In 1918, the year Bella Casey died at the beginning of the Spanish ‘flu epidemic, the poet Louis McNeice (above) was just 11 years old. Bella was living in the tenements of Dublin; McNeice was growing up as a son of the rectory in Carrickfergus, Co Antrim. So what’s the connection between them? The Rising of Bella Casey is.
McNeice happens to be on of my favourite poets but that;s not the reason he has an underground connection to the novel. He’s there because sometimes when you’re writing historical fiction, people and dates happily collide.
McNeice’s mother, Elizabeth (Lily) Clesham trained as a teacher with the Irish Church Mission in Clonsilla, Dublin, in the 1880s. At the same time Isabella Casey was studying at the Church of Ireland Model School on Marlborough Street (now site of the Department of Education). There’s absolutely no evidence that these two young women – devout Anglicans both, trainee teachers and exact contemporaries – met, let alone knew each other, even though they shared the same historical space (much like James Connolly and Nicholas Beaver – see my post October 22).

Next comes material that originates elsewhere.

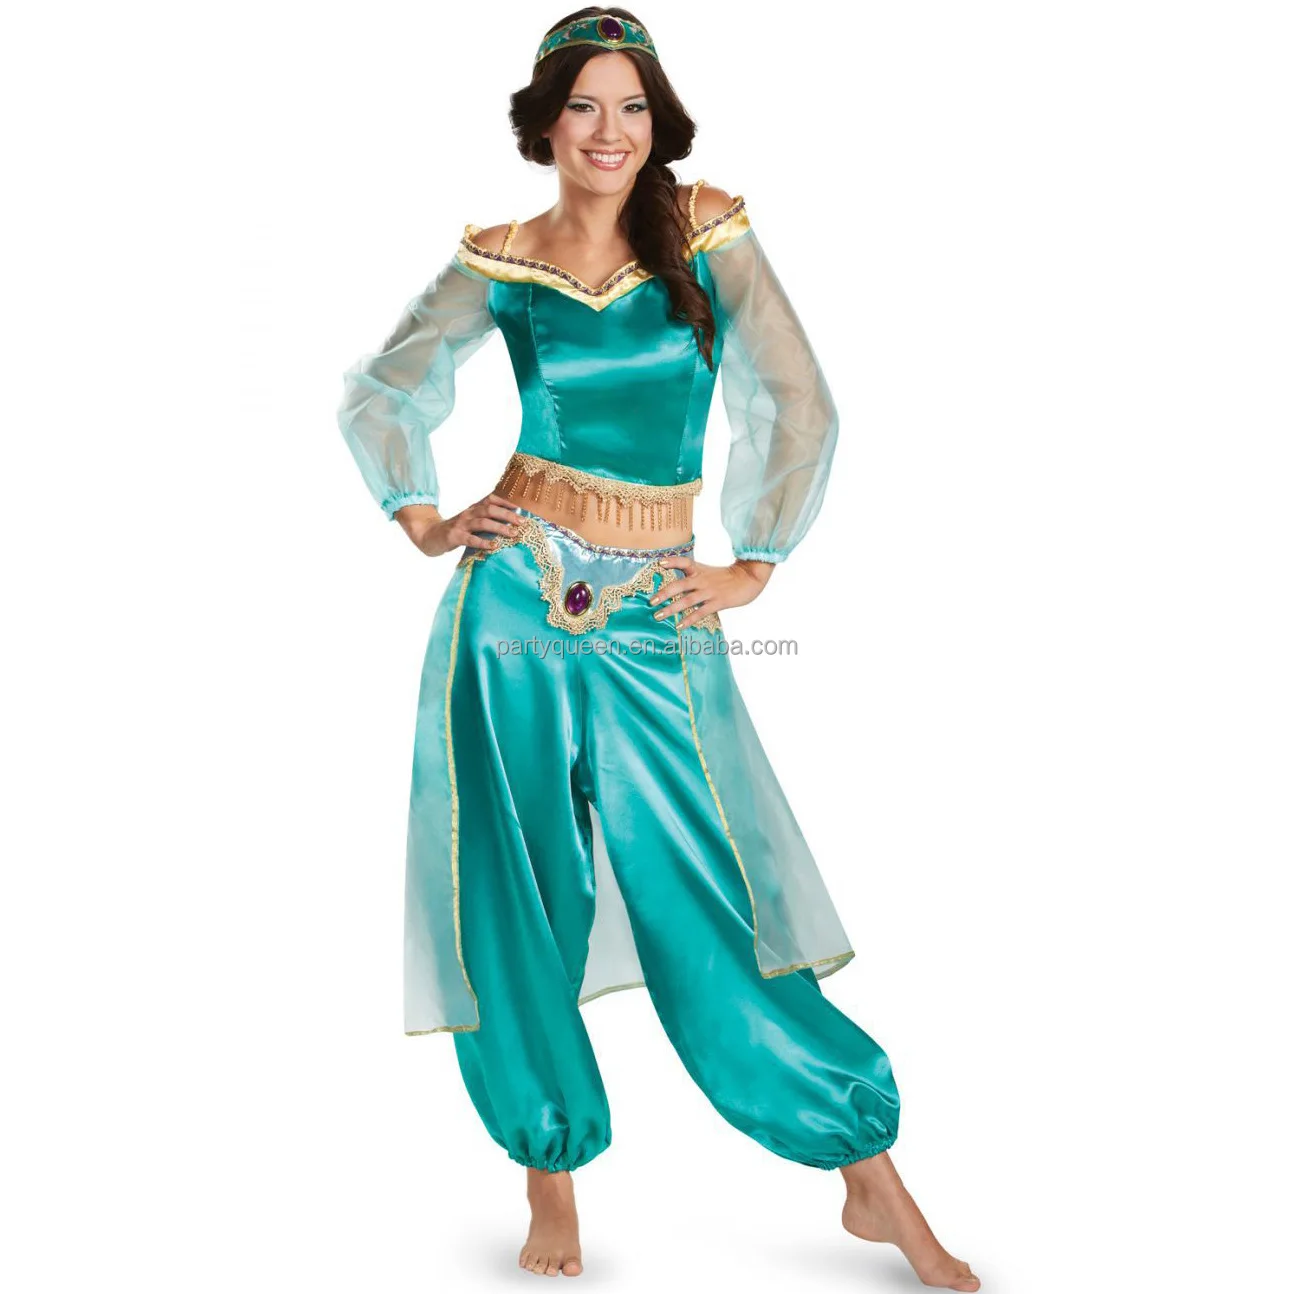 Jasmine Costume For For - Buy Princess Jasmine Costume ,Aladdin Jasmine Costume,Aladdin Costume For Halloween Product on Alibaba.com

However, I like to think that Dublin was a small city then and if there’s no proof that Bella and Lily were acquainted, there’s equally nothing to say they weren’t. So I played God; I got them together at a teachers’ social in October 1889 and, hey presto, they became fast friends on the page.
Elizabeth Clesham was born on October 18, 1866 (a year-and-a-half after Bella Casey) and was brought up outside Clifden. Her father, Martin Clesham, had been born a Catholic but had converted to the Church of Ireland. Here was another point of similarity between Bella and Lily. Michael Casey, Bella’s father, was also a convert having been proselytized by the Protestant evangelist Rev Alexander Dallas, founder of the Irish Church Mission, which ran mission or “ragged” schools in Ireland from the 1850s onwards.
Michael Casey worked as a clerk in the Irish Church Mission (ICM) headquarters on Townsend Street and Lily Clesham taught in ICM ragged schools in Dublin and Galway so that was another ready-made link between the two women. I began to feel they should have met.
Lily met clergyman John McNeice, the father of the poet, around this time. (He also makes a cameo appearance in The Rising of Bella Casey.) They married in 1902. Rev John McNeice served in the North of Ireland from 1899 onwards and in the 1930s was appointed Bishop of Down and Connor and Dromore.
Lily Clesham suffered from severe depression following Louis’ birth in 1907 and in 1913 she was moved to a nursing home in Dublin. The five-year old Louis never saw her again; she died of TB on December 18, 1914. Her death had a profound effect on the poet. In his poem, Autobiography, he writes: –
My mother wore a yellow dress;
Gentle, gently, gentleness.
Come back early or never come.
When I was five the black dreams came;
Nothing after was quite the same.
I tried to imbue “my” Lily Clesham in The Rising of Bella Casey with that same sense of gentleness. Certainly, it is that quality in her, that ignites her friendship with Bella Casey. As for Louis McNeice, he never got over the early loss of his mother. He is buried with her in the churchyard at Carrowdore, Co Down.
Louis McNeice as an infant pictured with his mother in 1907.
The Carrowdore graveyard where McNeice is buried with his mother.